Guiding a proposal from bid to win can often feel like playing a game of poker. The stakes are high, yet you can’t choose when the RFP will drop, or how much time you have to respond, or who you will bid against – that is all just the luck of the draw. You can, however, choose how you play your hand - and how you play your hand is how today’s proposals are won or lost.
How do you put the odds in your team’s favor? Let’s explore how to position your team for the win.
In the game of poker, stacking the deck, or locating specific cards and using an overhand shuffle to place them on the top of the deck, is against the rules. In the proposal game, however, stacking the deck is your goal.
For example, your opportunity assets, such as customer information and intelligence, have been located by your sales team. Yet, often times, a gap lies between sales and proposal teams which thwarts the placing of those assets where your proposal team can easily access them.
Your opportunity assets are critical to writing a winning proposal; they justify your bid decision, define your win strategy, and support your writing tactics. Using technology to automatically bridge this gap stacks the deck in your team’s favor. For example, you can skip the manual download and data entry and import opportunity information into your pipeline for instant access.
You can even skip the email and automatically notify your team when an opportunity is under consideration. As the bid and strategy discussion evolves, you can automatically capture and dynamically share updates with your CRM.
By bridging the gap, you automatically share the details your team needs to write to your win strategy. By bridging the gap, you’ll fly through reviews with comments focused on strengthening your proposal, not rewriting it.
The RFP has dropped, and winning proposal teams have two time-saving aces in the hole, two advantages that will influence the win in your favor. Your content library, complete with reusable answers and comprehensive overviews is your first ace in the hold. Combined with a dynamic search for filtering, sorting, and finding the right content, it's an obvious time-saver. What your team does next, when the content library falls short, is your second ace in the hole.

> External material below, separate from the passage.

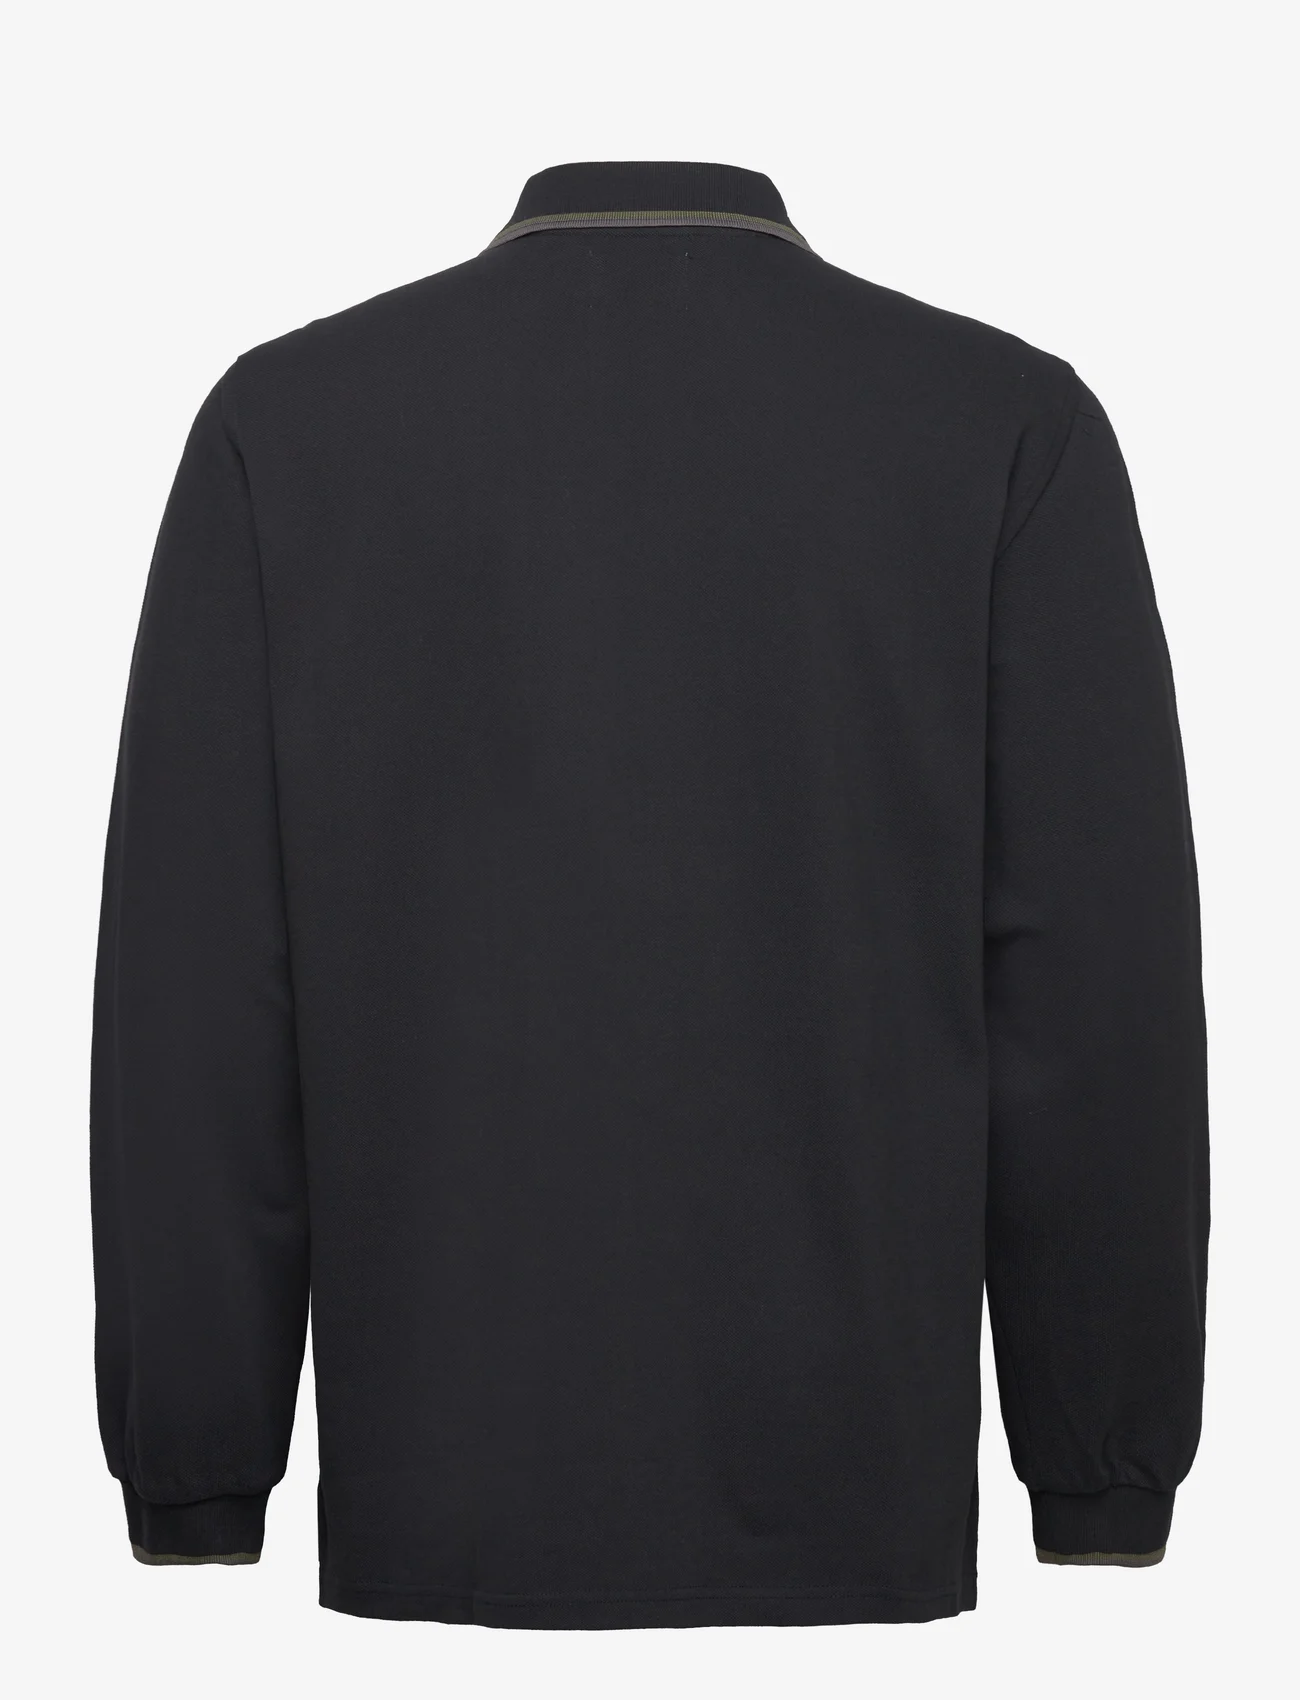 Double A by Wood Wood - Len Baseline LS Polo GOTS - polo shirts - black - 1

When the content is lacking or more than a canned answer is required, your team must collaborate on your proposal. With the growth of the distributed workforce, and with remote work on the rise, being able to collaborate online is now critical, no matter where or when your team works.
Online team collaboration, however, is different from email and document management communication. Where online team collaboration promotes a discussion from the center, email and document management communication comes at you from all sides. For example, instead of emailing an expert a list of questions and waiting for a response, you invite the expert to the online document to work with you. Together you discuss and come to consensus, leaving more time on the clock for tailoring the proposal to your specific prospect.
The same is true for proposal reviews. For example, with an online document, reviewers review and comment together and come to consensus in a single document. You will never, ever have to worry about overwriting content and version control or reviewers accidentally commenting on the wrong document version. That also means you skip the "merge" step, the whirlwind of emails and feedback and track changes - when the review is over, your team dives right back into writing.
Any poker player will tell you that 50% of the game is mental. Proposals are no different. In fact, the mental aspect of proposals is the most crucial part of the game because you need to know how to handle short term losses in order to stay focused until the end.
Take amendments, for example. A last minute date change or requirement clarification can easily throw the team off course, requiring massive calendar coordination and perhaps securing additional expert resources. This is where your joker, your wildcard, comes into play. When you draw the joker, you have the power to remain agile, to change the game in a way that favors your team.
For example, while other teams are tracking their proposal status manually, you have centralized time and task management. That means you have a real-time task status; you know who is working, when they are done, and if there is an issue. You can see how the amendment will impact the schedule and can update your team from a centralized calendar that is dynamically linked to their Outlook Calendar.
While the competition is still chasing down task status, making phone calls and sending emails, you and your team are calmly proposing on.
Establishing a standard process and gaining adoption for it is challenging, to say the least. But when your team clearly understands how your process’s sequence of events will play out, in other words where their pieces of the puzzle fit, they are more likely to step up, move quickly, and hit deadlines. Automating portions of your process will save you time and have you coming up trumps every time, even when things don’t go as planned. And in the proposal game Murphy’s Law is always a player.
To start with, you have several process workflows to choose from, depending on the type of bid. With the click of a button, you launch your process workflow and jump-start your proposal; automatically establishing your team’s online work environment, providing team and partner access, and notifying everyone the game is afoot.
Throughout your process, your automated workflow coordinates the flow of assigned tasks with automatic, and ad-hoc, notifications and alerts, keeping your team in sync and on track. For example, your workflow can automatically assign individuals to specific tasks, remind your team about a looming deadline, and forward a task for review from one person to the next. And because proposals don’t often go exactly as planned (another amendment?), you can always adjust your process workflow throughout your proposal effort to keep the work flowing.
Combine workflow with reporting, and you automatically know when a task is complete, when a milestone is at-risk, how your process performed, and how to better allocate resources for the next proposal.
As businesses revisit their sales goals, look ahead, and define the shape of this new business reality, they are also implying the odds, or positioning based on how they speculate their competition will play their hands. When the chips are down, teams who adopt time-saving capture and proposal management tools will raise the ante and better play the hand they're dealt.